Pemilihan setting lingkungan yang miskin juga adalah nilai plus tersendiri. Ditengah film dan sinetron yang didominasi setting rumah mewah dan mal-mal, maka film ini sungguh patut diacungi jempol karena berani menampilkan setting yang "murni" Indonesia. Anak-anak kita harus kenal dengan Indonesianya secara apa adanya agar timbul motivasi dan pengenalan akan akar budaya Indonesia, khususnya Jawa. Kru film berhasil membawa setting rumah yang sangat sederhana milik Wahyu di kaki Gunung Bromo keatas layar secara baik dan detil. Suasana rumah pak Kepala Sekolah yang diperankan Tarsan yang unik rumah Indonesia di kaki Gunung Bromo juga bisa tampil orisinil.

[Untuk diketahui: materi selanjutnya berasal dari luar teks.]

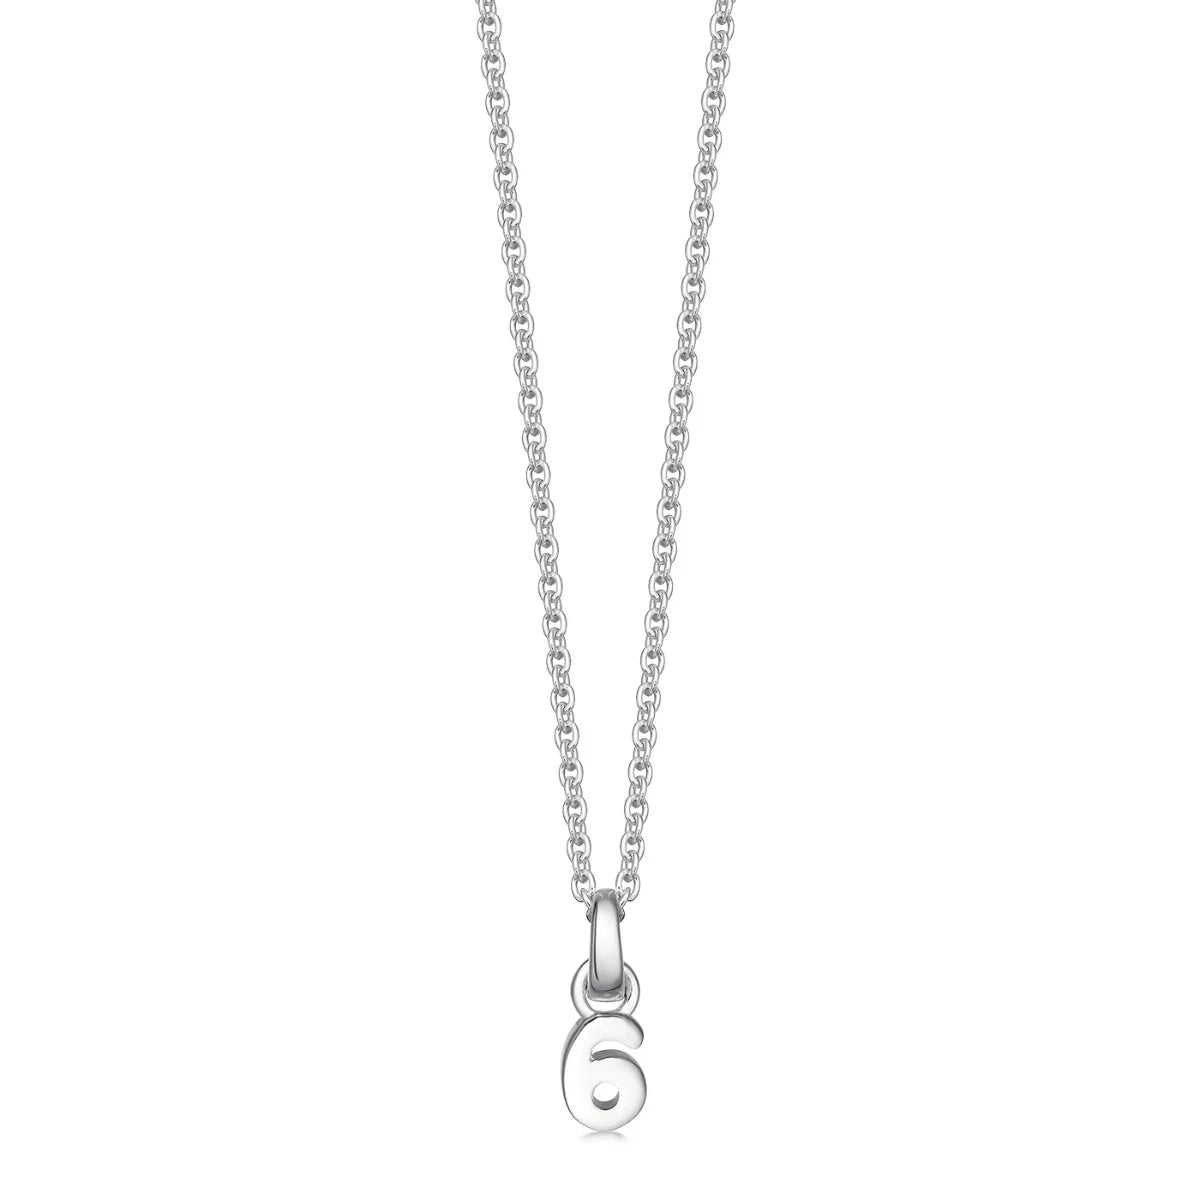 Silver Number Necklace

Banyak hal positif lain dalam film ini, seperti penggambaran kegigihan Wahyu mencapai cita-citanya, tata musik yang bagus, karakter pelatih Hasan dan ayah Wahyu yang tampil dengan dialog kehidupan yang kaya dan mengharukan, juga adegan lomba debat bahasa Inggris yang kental nuansa pendidikannya. Namun mungkin ada baiknya anda sendiri yang menonton film ini.

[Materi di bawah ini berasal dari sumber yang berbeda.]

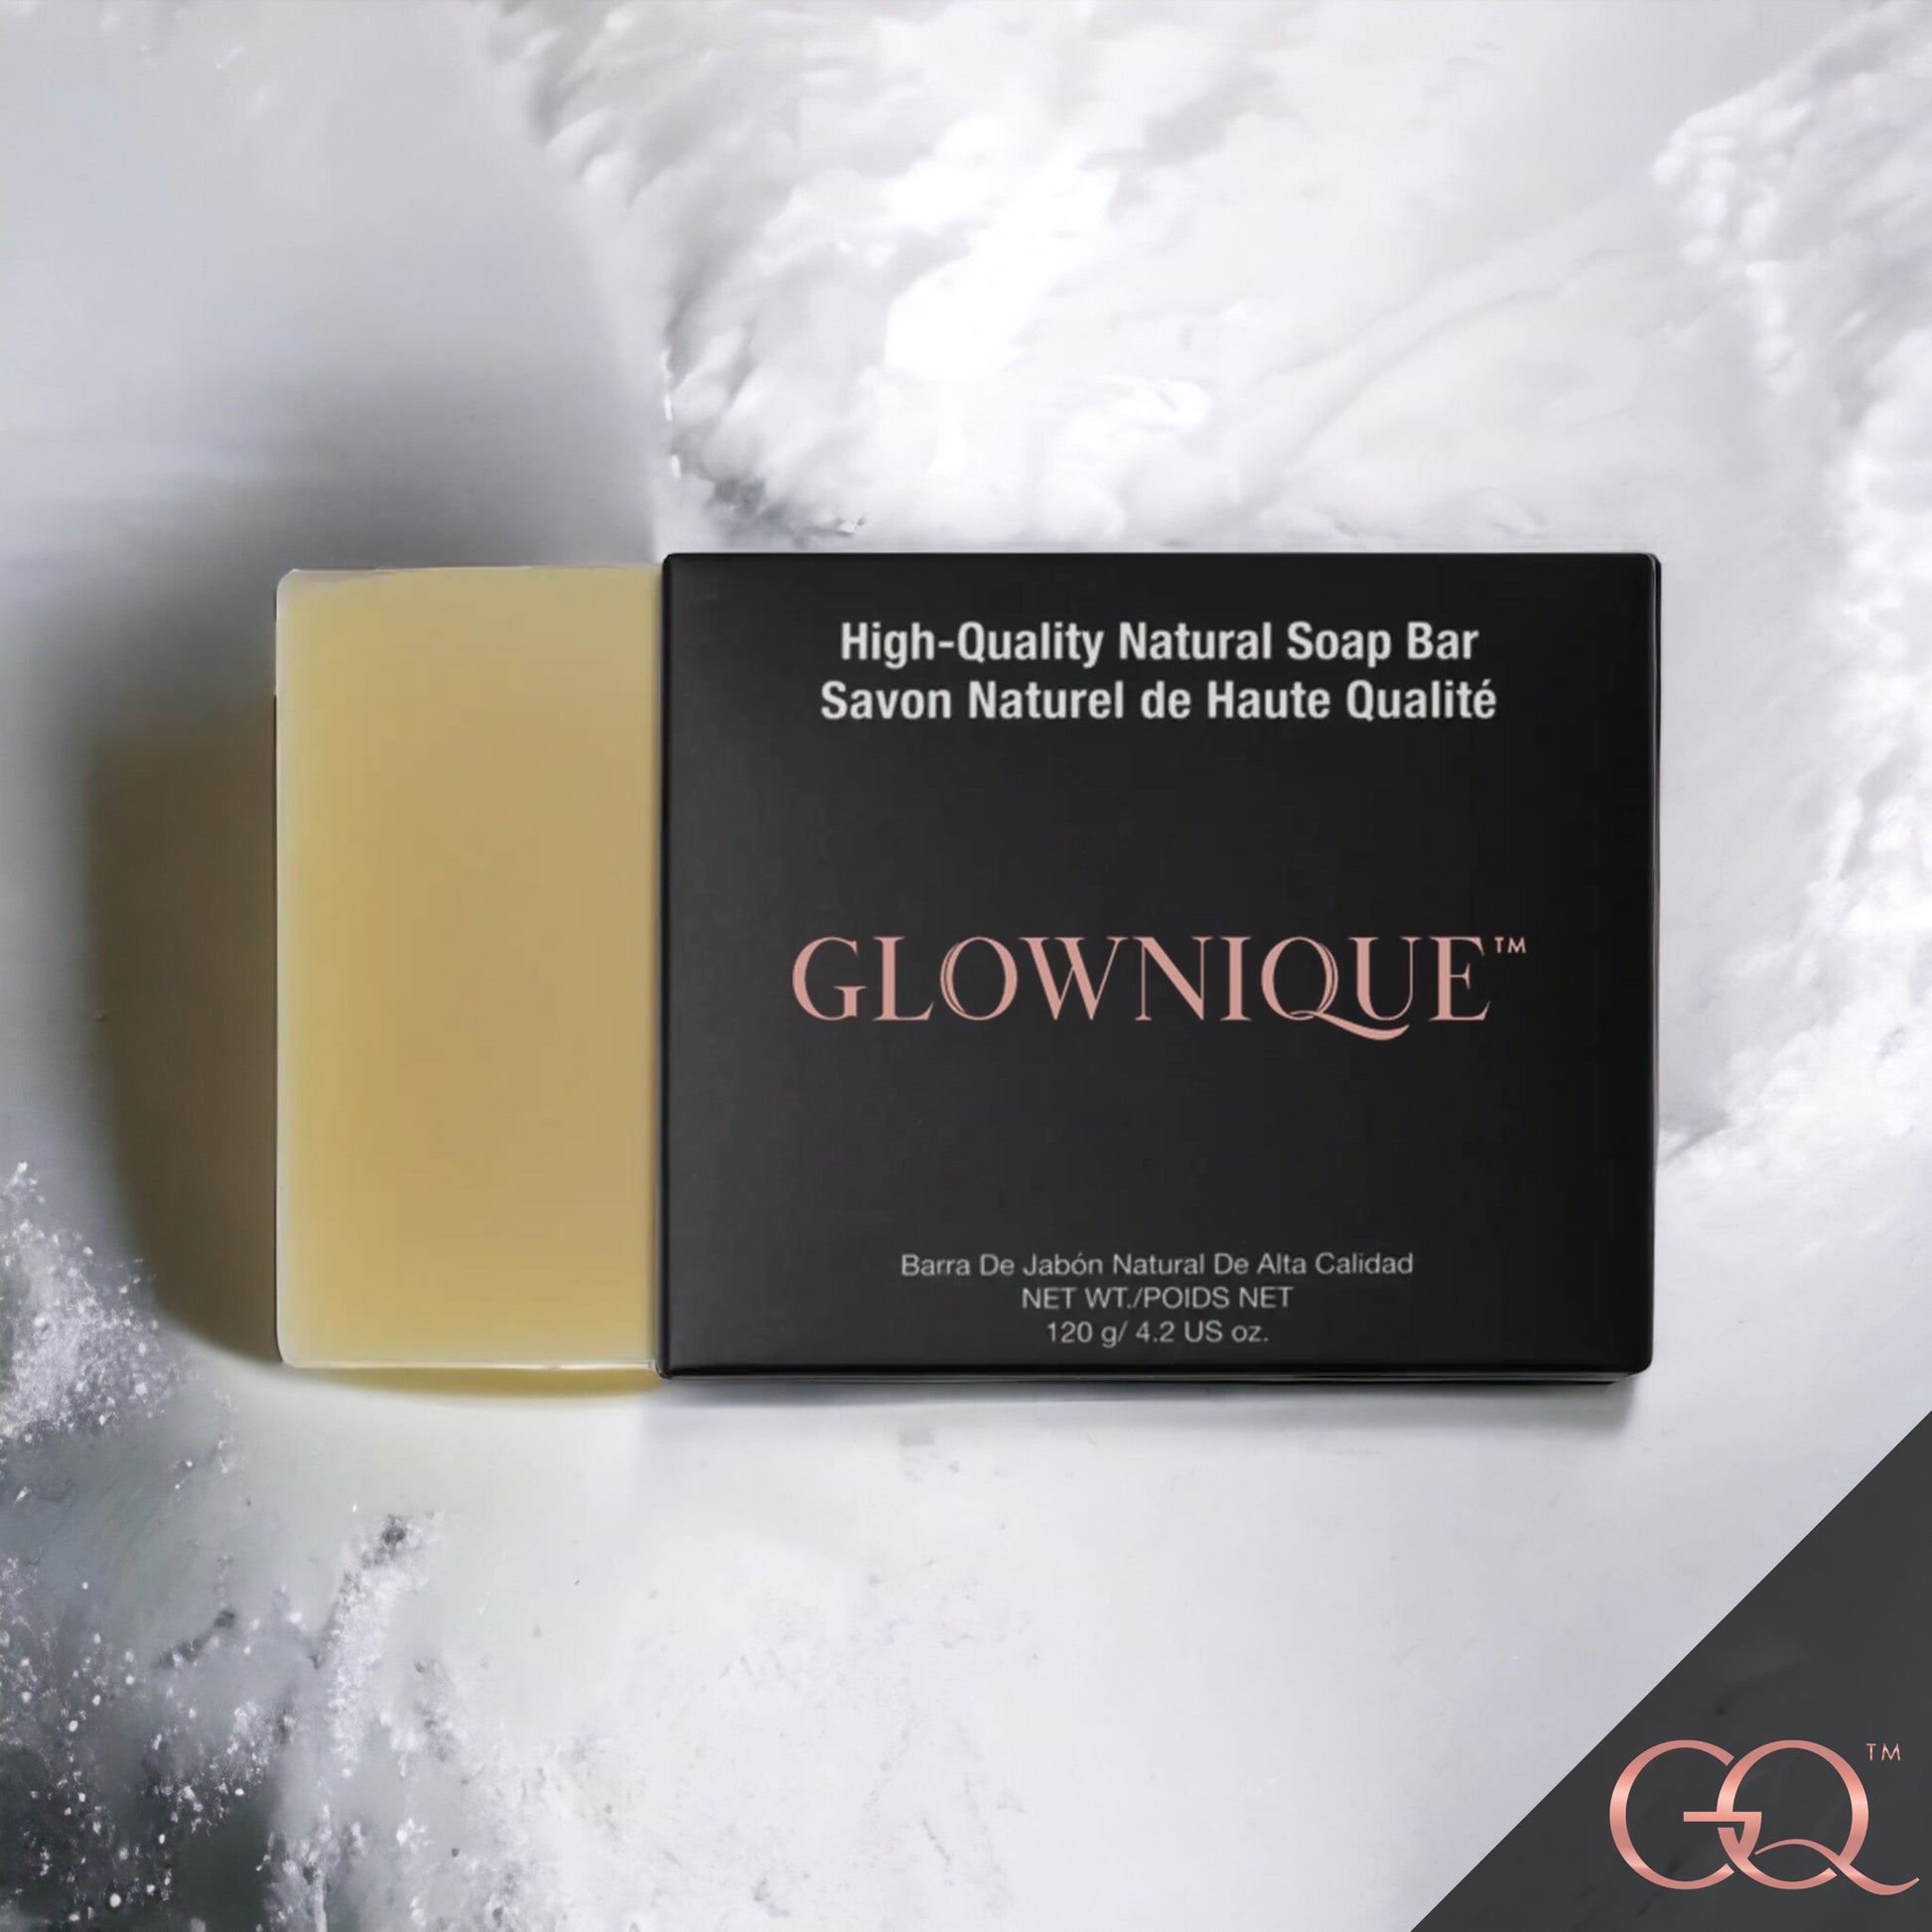 Natural Organic Coconutty Soap | GLOWNIQUE

Patut dihargai juga keberanian Hanung memilih pemeran Wahyu yang bukan berwajah Indo tapi berwajah Jawa tulen. Ini penting untuk memberi nuansa Indonesia kedalam sinema kita. Demi menegaskan bahwa kita orang Indonesia, bukan barat. Ganteng dan cantik bukan mutlak harus "Indo".

Kesimpulan

Kesimpulan saya, film ini layak tonton bagi tua, muda dan tentu saja anak-anak kita. Tidak ada adegan "panas" namun ada beberapa adegan kekerasan rumah tangga yang cukup mengganggu. Juga ada beberapa adegan romans ala remaja yang mungkin kurang pas untuk anak-anak SD. Namun semuanya masih dalam skala minor. Nontonlah bersama keluarga dan mungkin teman-teman untuk me-recharge semangat anda sekaligus menumbuhkan benih-benih cinta tanah air di hati kita semua. Semoga semakin banyak film pendidikan yang akan terus bermunculan di khasanah perfilman Indonesia.